On May 8, attorney Michael Avenatti—representing Stephanie Clifford, the adult film actress known as Stormy Daniels—released a bombshell of a report accusing Michael Cohen, a Trump confidant and attorney, of all manner of alleged financial shenanigans. Just before the election in 2016, Cohen created a limited liability corporation that paid Clifford $130,000 in exchange for her silence regarding an alleged sexual dalliance with Trump.
That payment triggered suspicions of possible bank fraud and campaign finance violations. Earlier this year, Cohen’s office, home, and hotel room were subsequently raided by federal officials.

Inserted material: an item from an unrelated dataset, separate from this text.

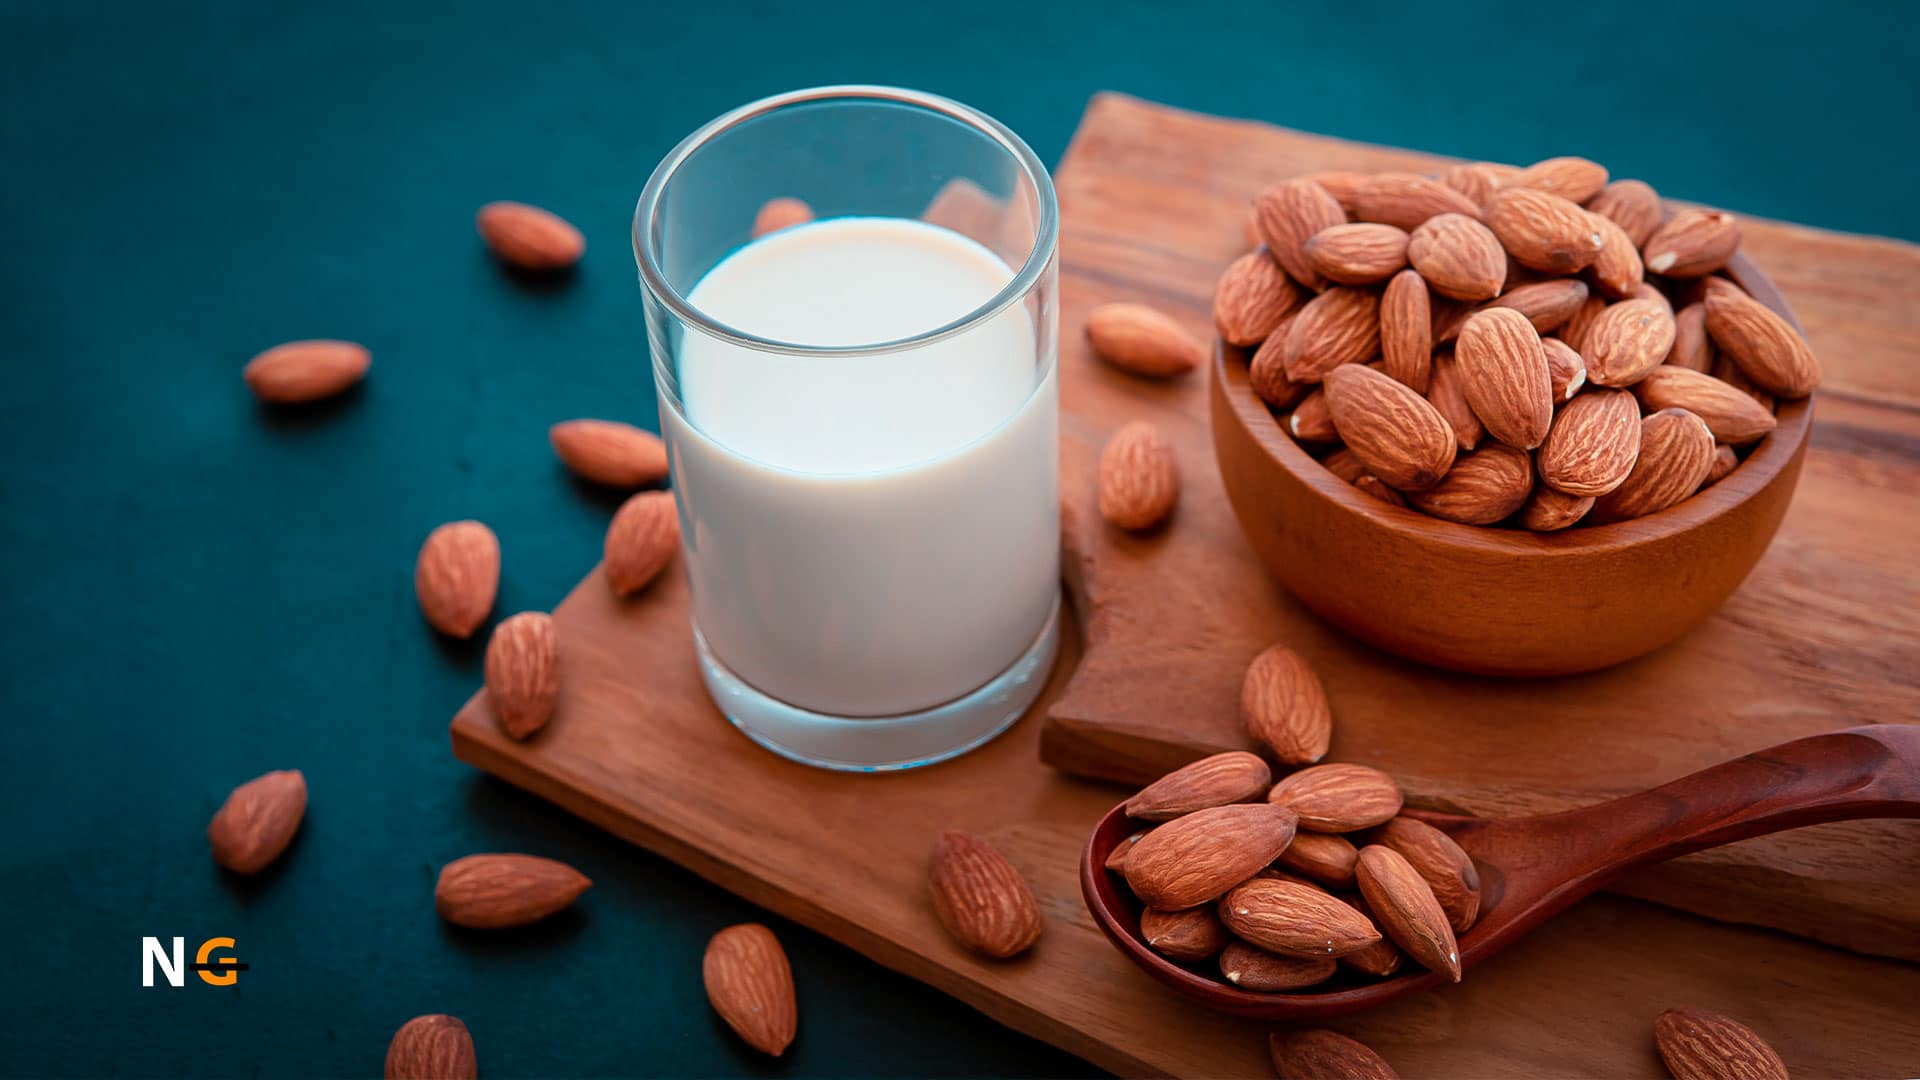 What Is Almond Milk Made Of
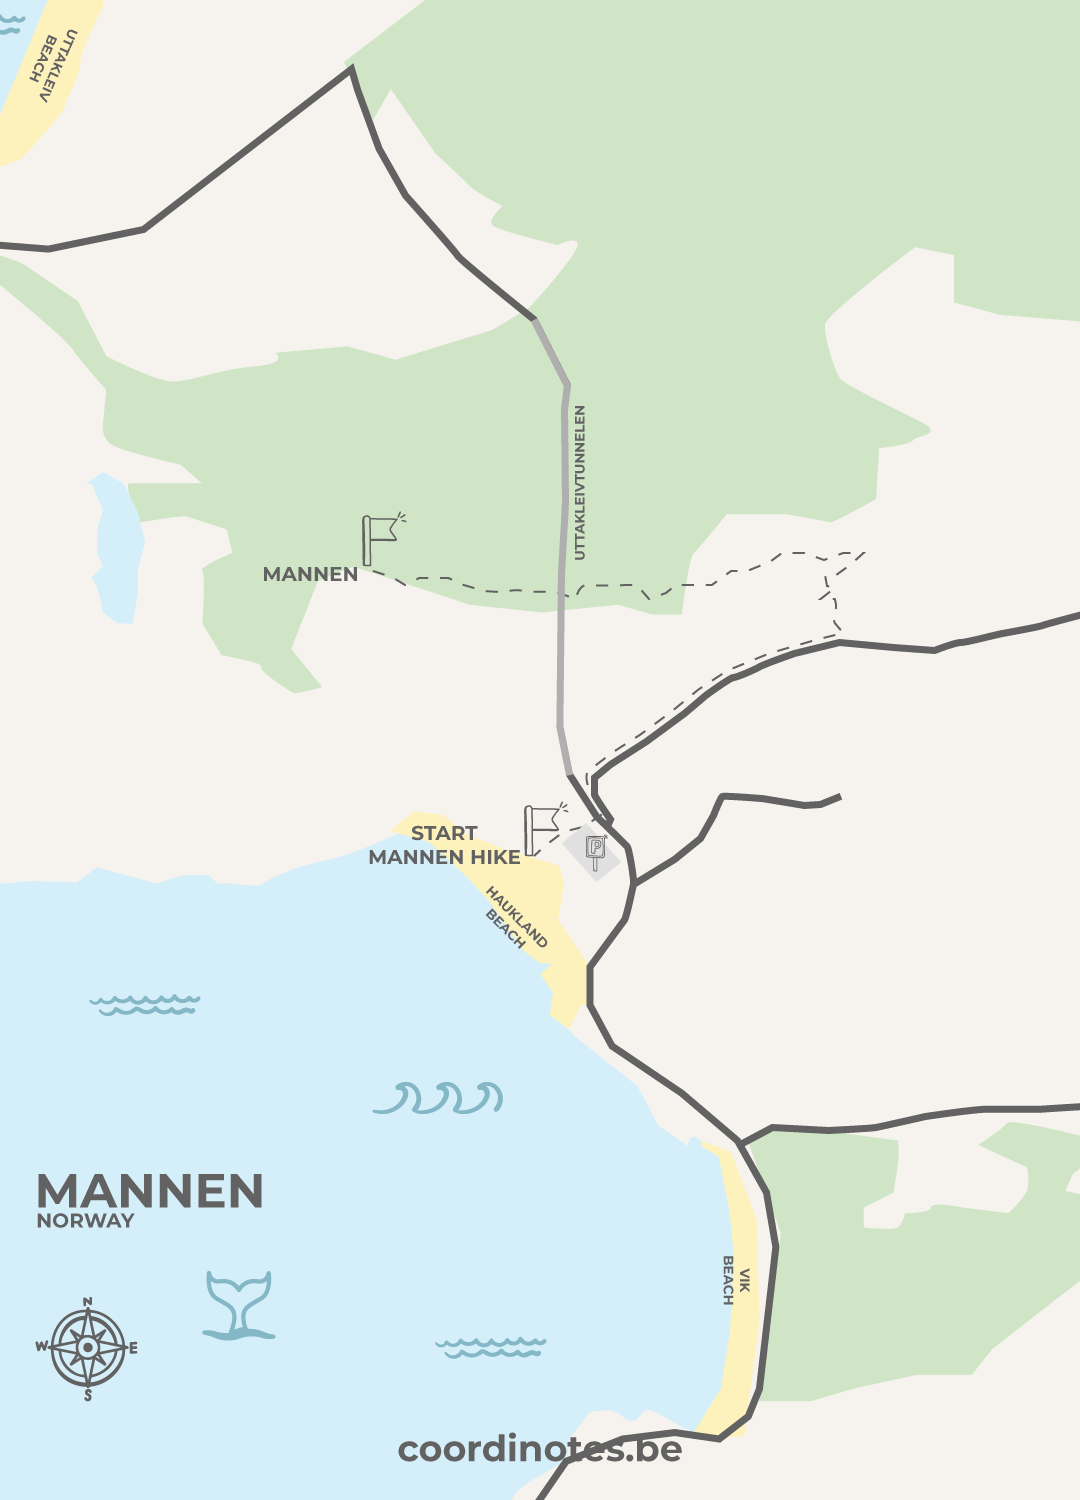 Map about Mannen Hike

The raid was ordered by the U.S. attorney’s office in Manhattan, acting on a referral from special prosecutor Robert Mueller.
Avenatti’s report, while short on sourcing, describes some of the alleged transactions involving Cohen’s consulting firm:
In October 2016, Cohen allegedly established a limited liability company named Essential Consultants by filing the requisite paperwork with the Secretary of State in Delaware.
Less than one month before the 2016 presidential election, Cohen allegedly established a new business account at a First Republic Bank branch located in New York City.
To establish the account, Cohen allegedly submitted information claiming that Essential Consultants is a real estate consulting company that collects fees for investment consulting work.
From October 2016 through January 2018, Cohen allegedly used his First Republic account to engage in suspicious financial transactions totaling $4.4 million.
Among those alleged suspicious financial transactions were approximately $500,000 in payments received from Viktor Vekselberg, a Russian oligarch, routed through eight payments by a company named Columbus Nova.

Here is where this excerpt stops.